*** Provided data Section Begins ***
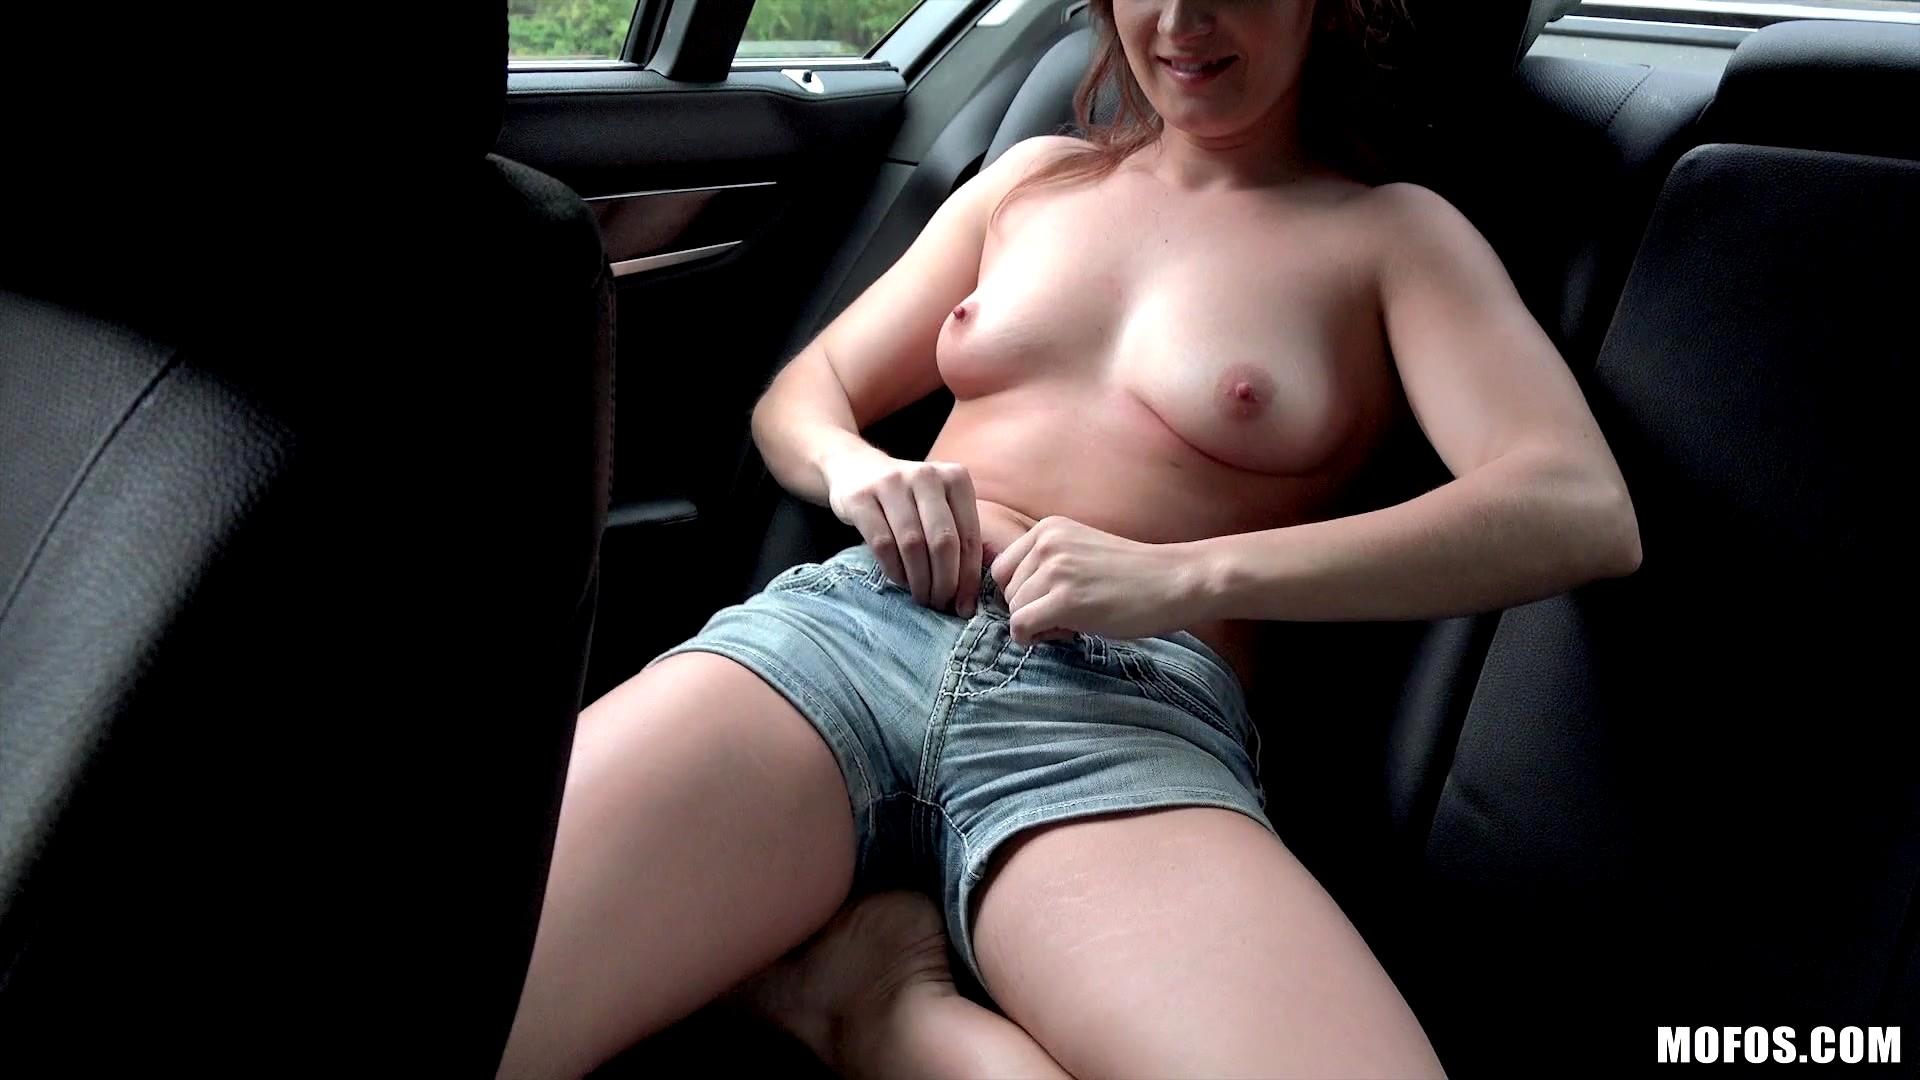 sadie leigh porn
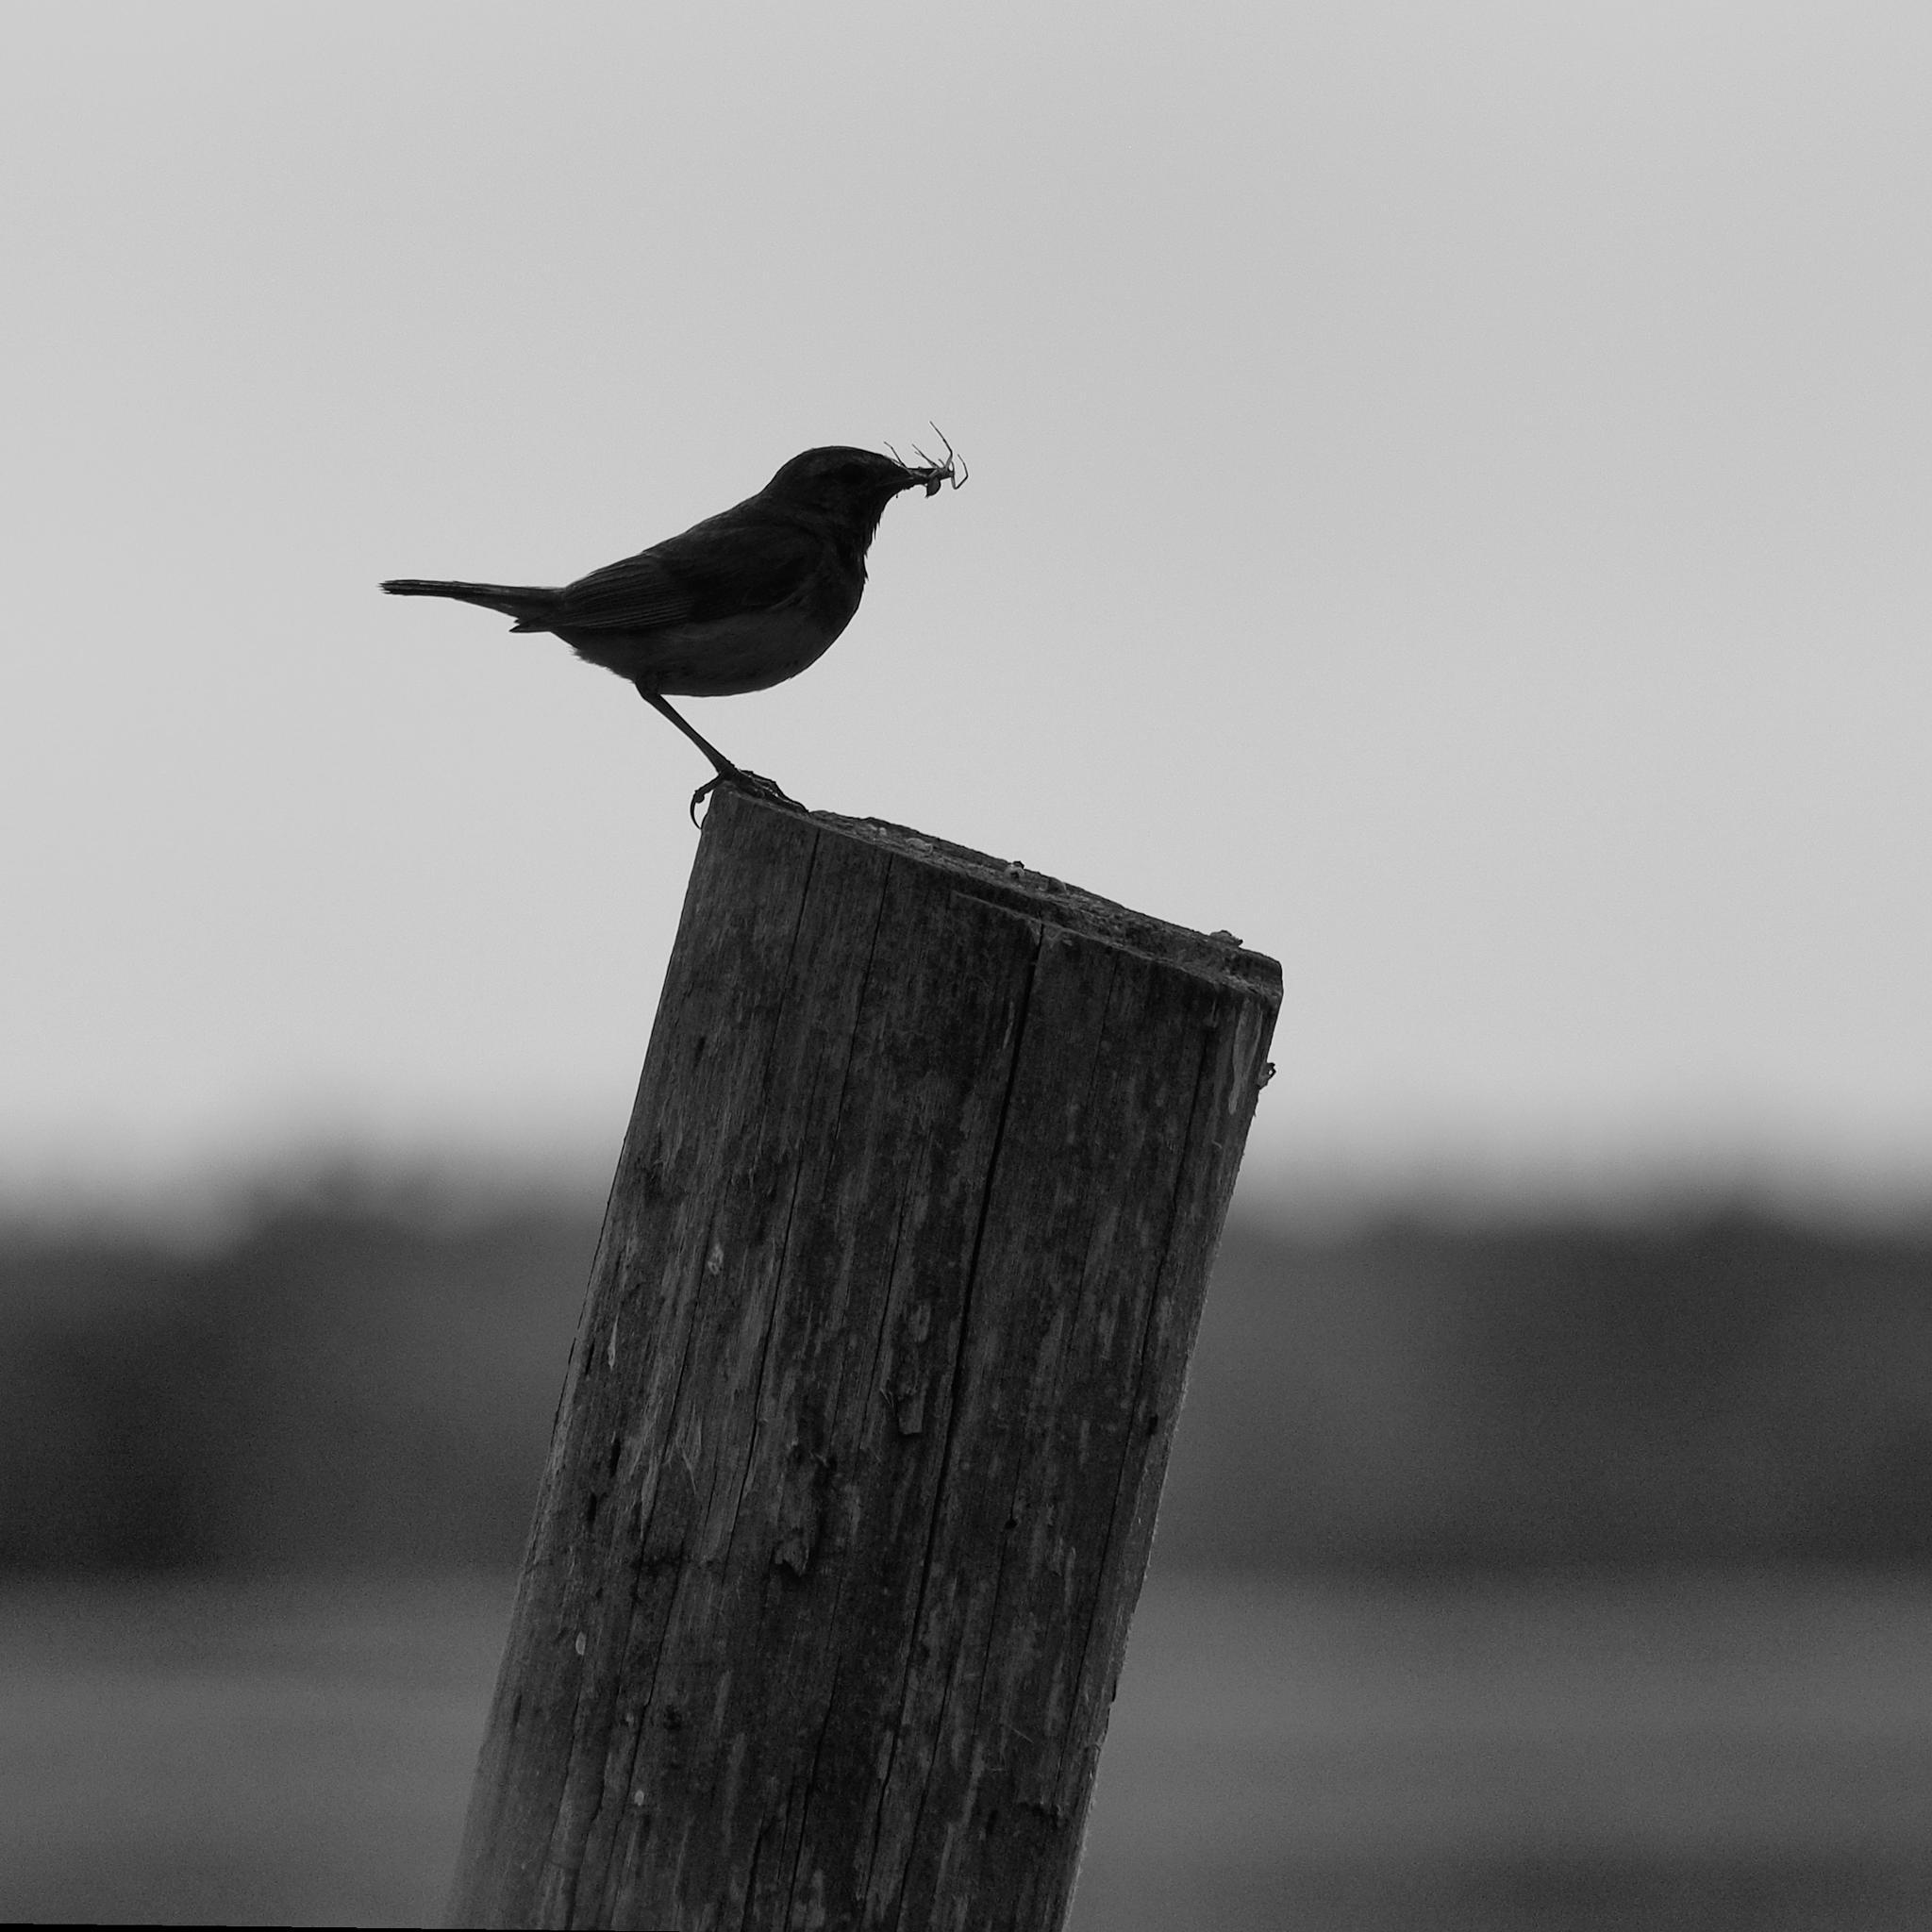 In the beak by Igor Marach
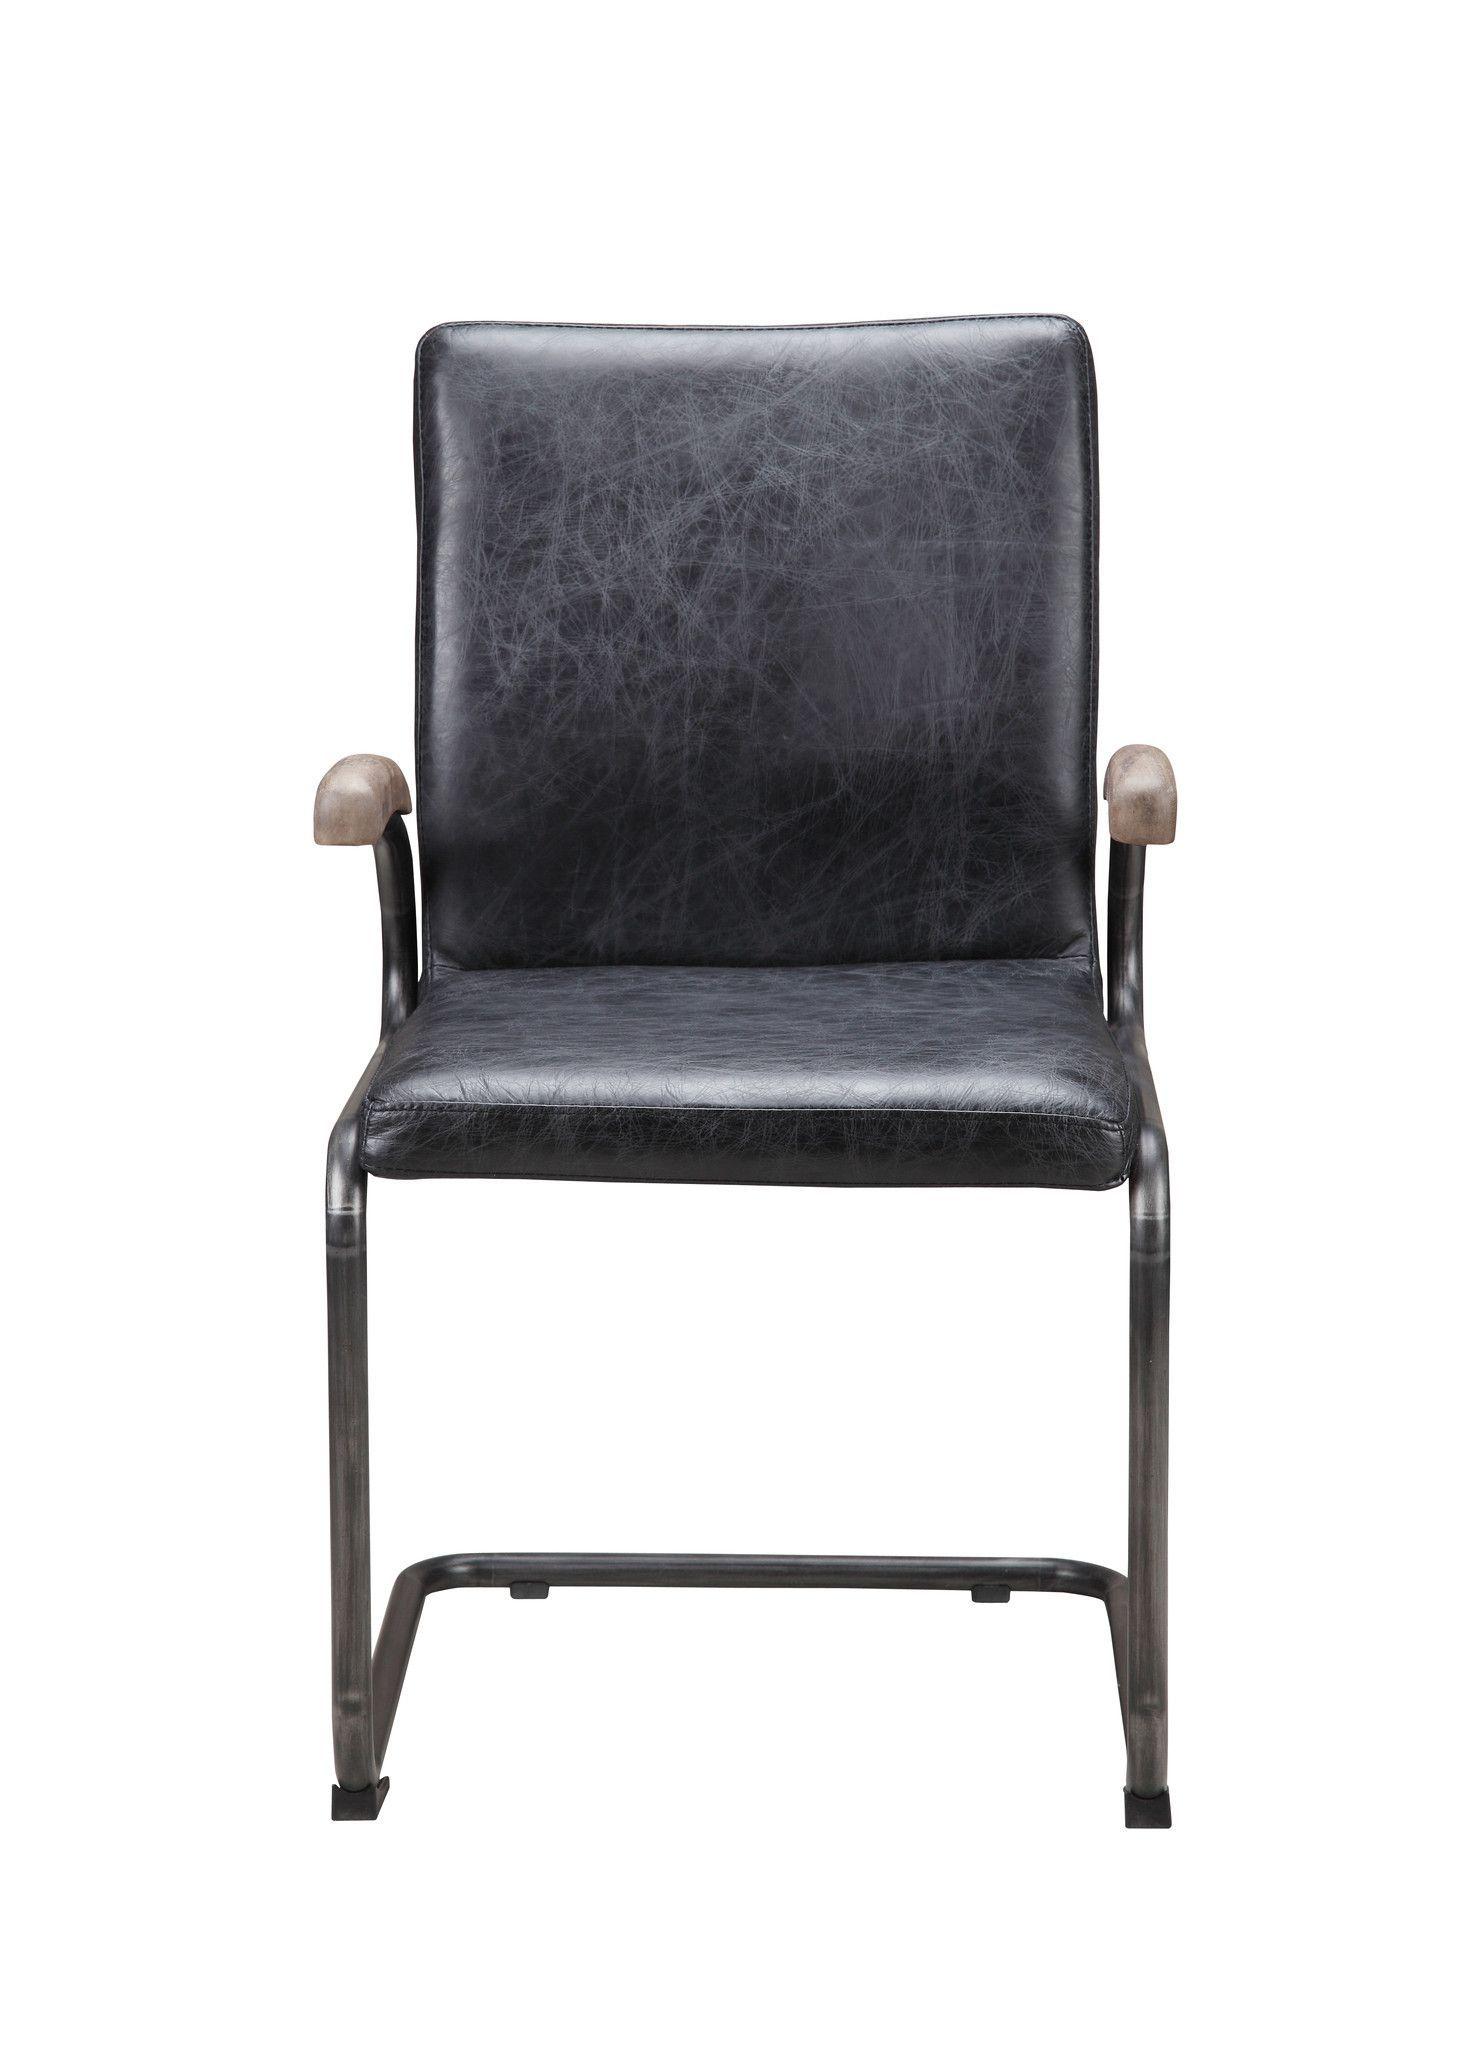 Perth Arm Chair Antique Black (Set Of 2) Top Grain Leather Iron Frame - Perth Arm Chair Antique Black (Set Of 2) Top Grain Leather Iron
*** Provided data Section Ends ***
[Problem to work on] An exact reproduction of the material is needed, without its images.

[Reply]
 sadie leigh porn
 In the beak by Igor Marach
 Perth Arm Chair Antique Black (Set Of 2) Top Grain Leather Iron Frame - Perth Arm Chair Antique Black (Set Of 2) Top Grain Leather Iron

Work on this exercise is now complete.